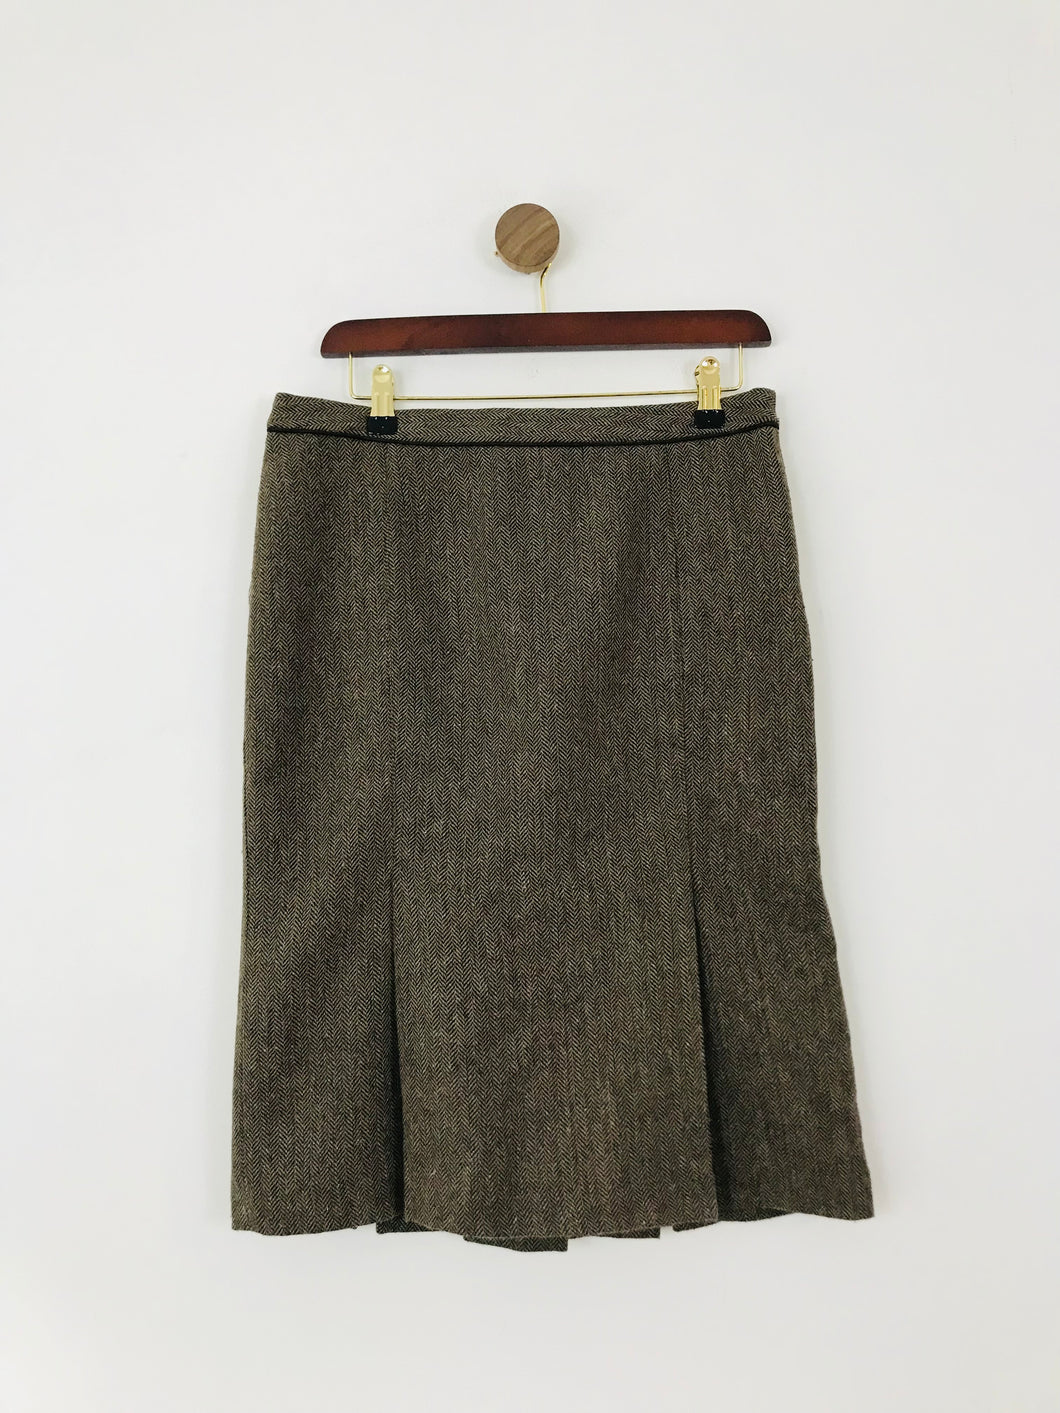 Zara Women's Faux Tweed Pleated Pencil Skirt | M UK10-12 | Brown
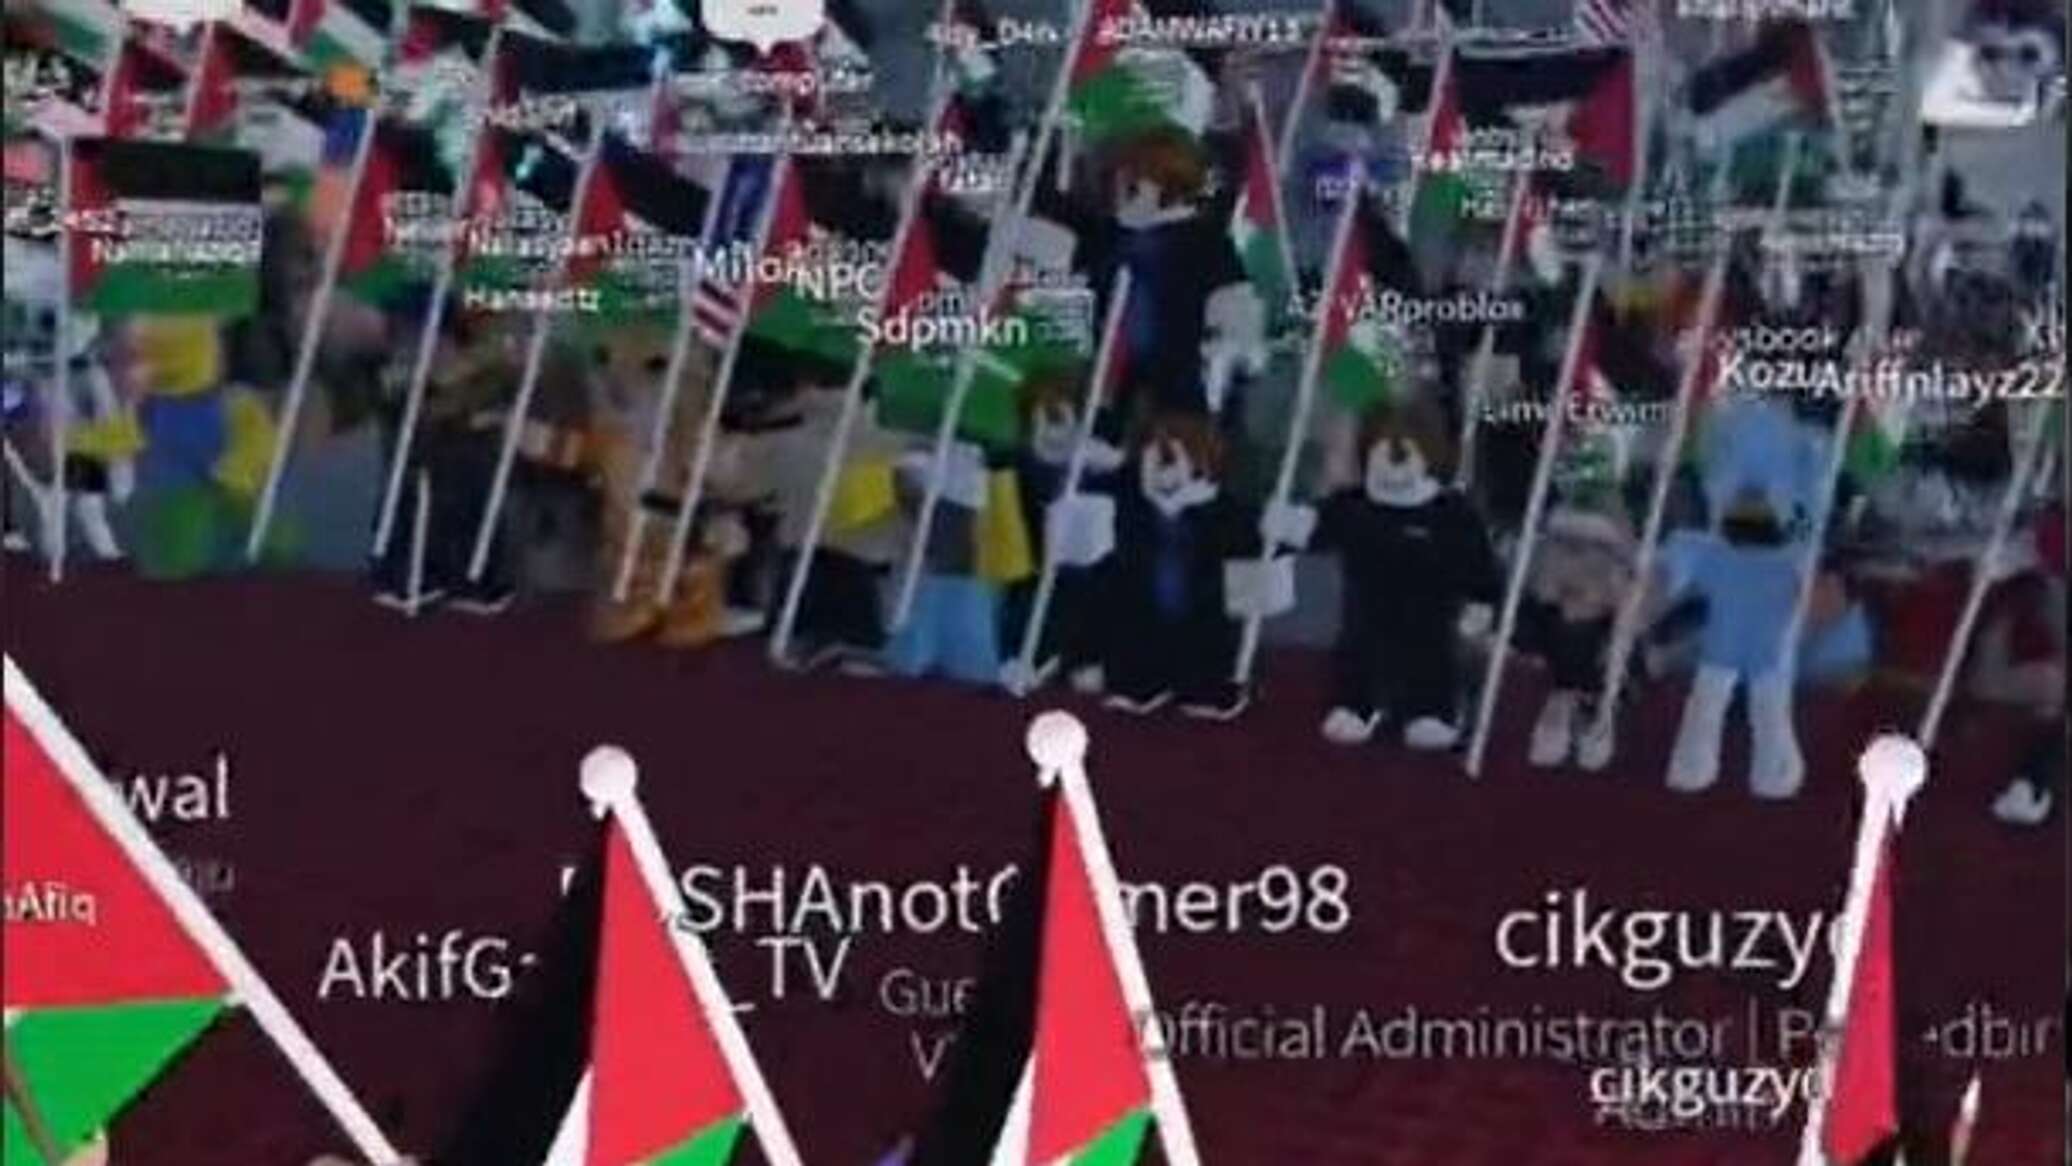 لاعبون رقميون ينظمون تظاهرة داعمة لفلسطين في سابقة هي الأولى من نوعها... فيديو
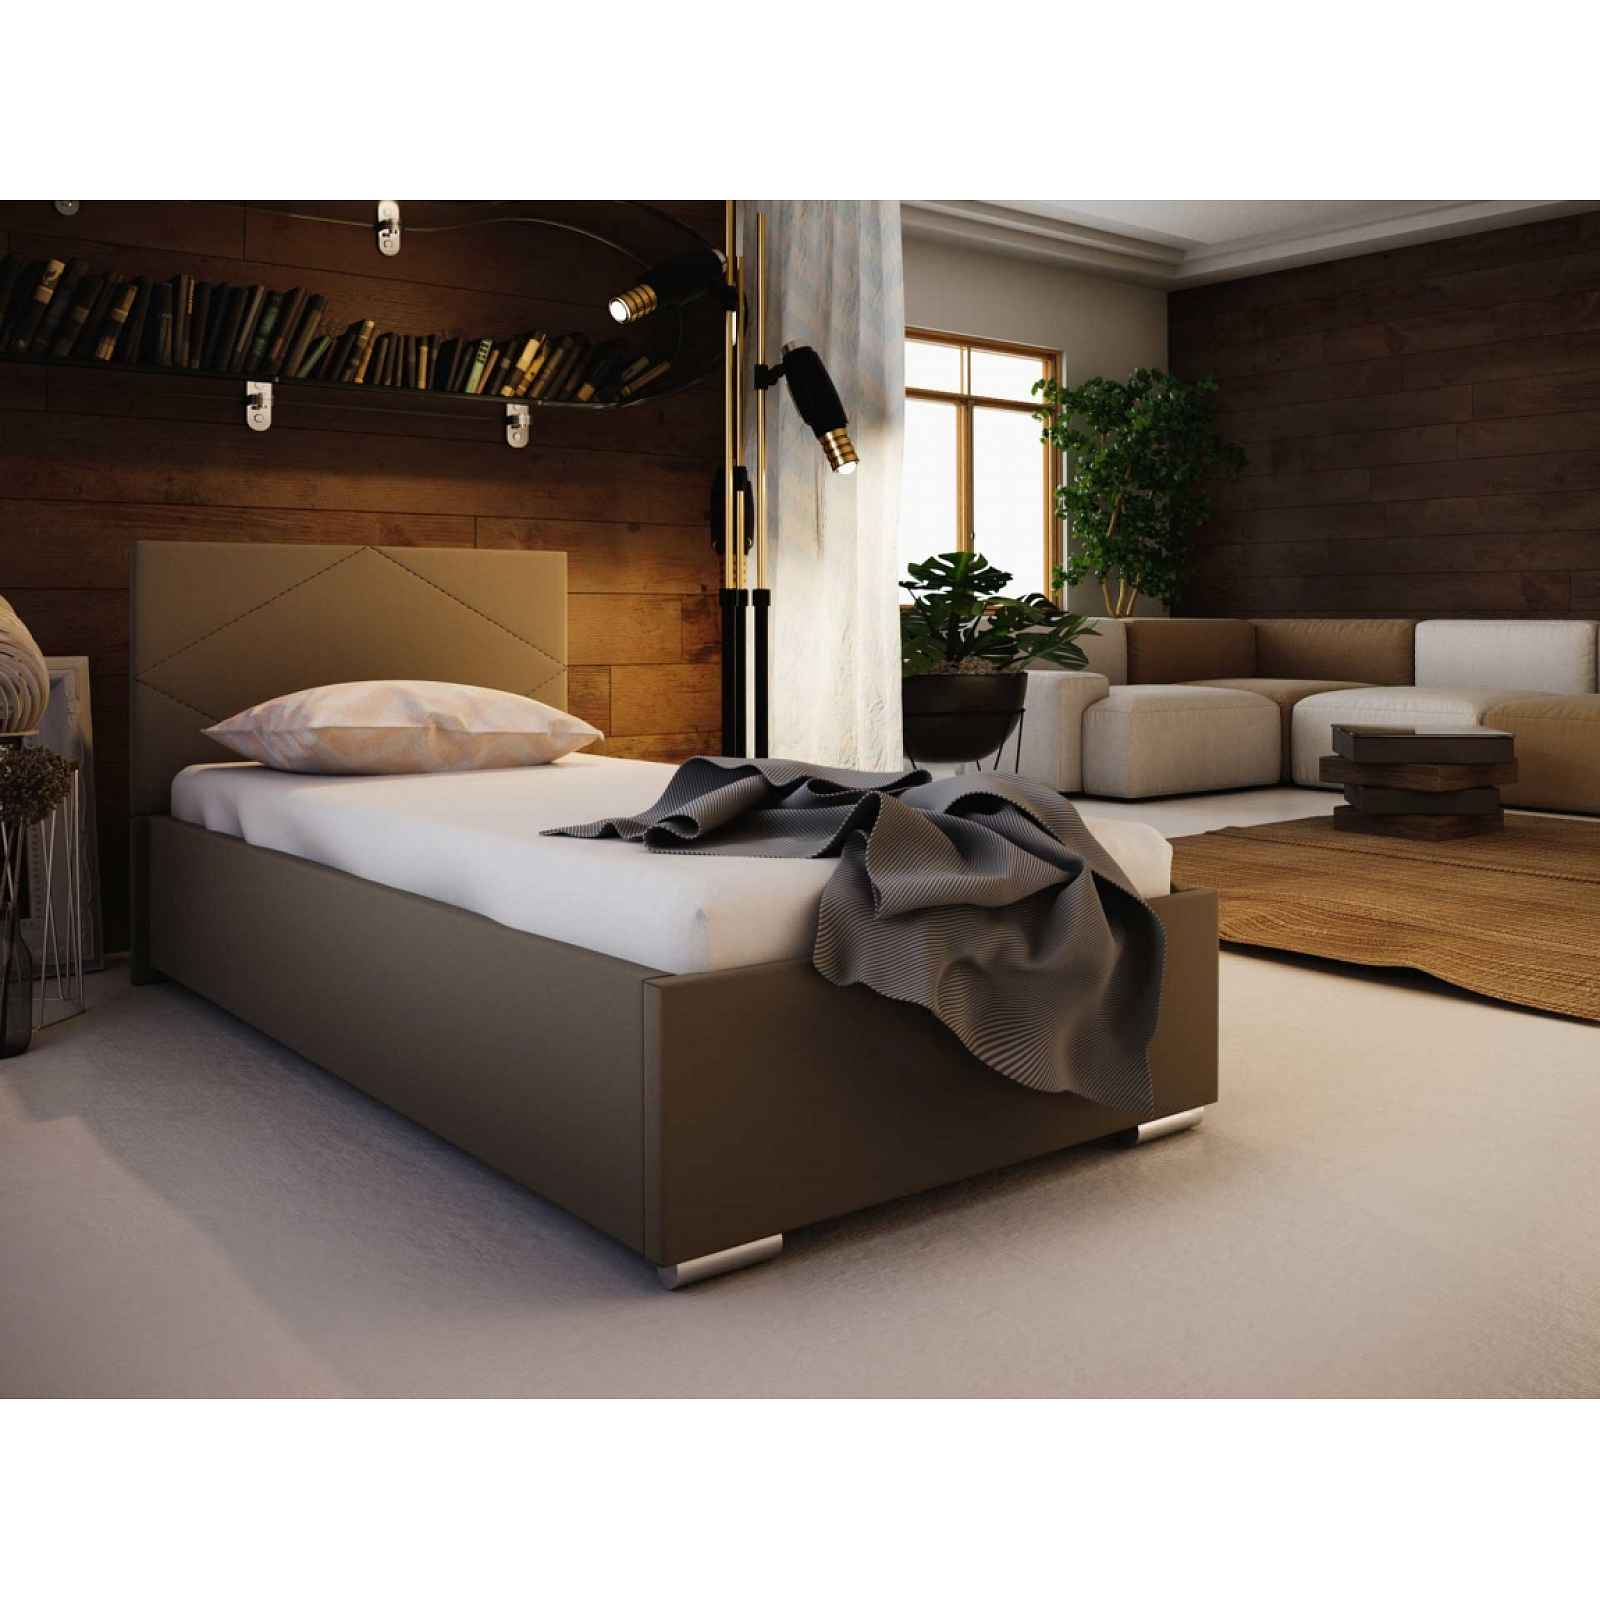 Čalouněná postel SOFIE 90x200 cm, hnědá látka

Exercise directions: Write the lines from the line containing "لاعبون رقميون ينظمون" through the last line of the data out again exactly, and only those lines; pictures stay out.

Task solution:
 لاعبون رقميون ينظمون تظاهرة داعمة لفلسطين في سابقة هي الأولى من نوعها... فيديو
 Čalouněná postel SOFIE 90x200 cm, hnědá látka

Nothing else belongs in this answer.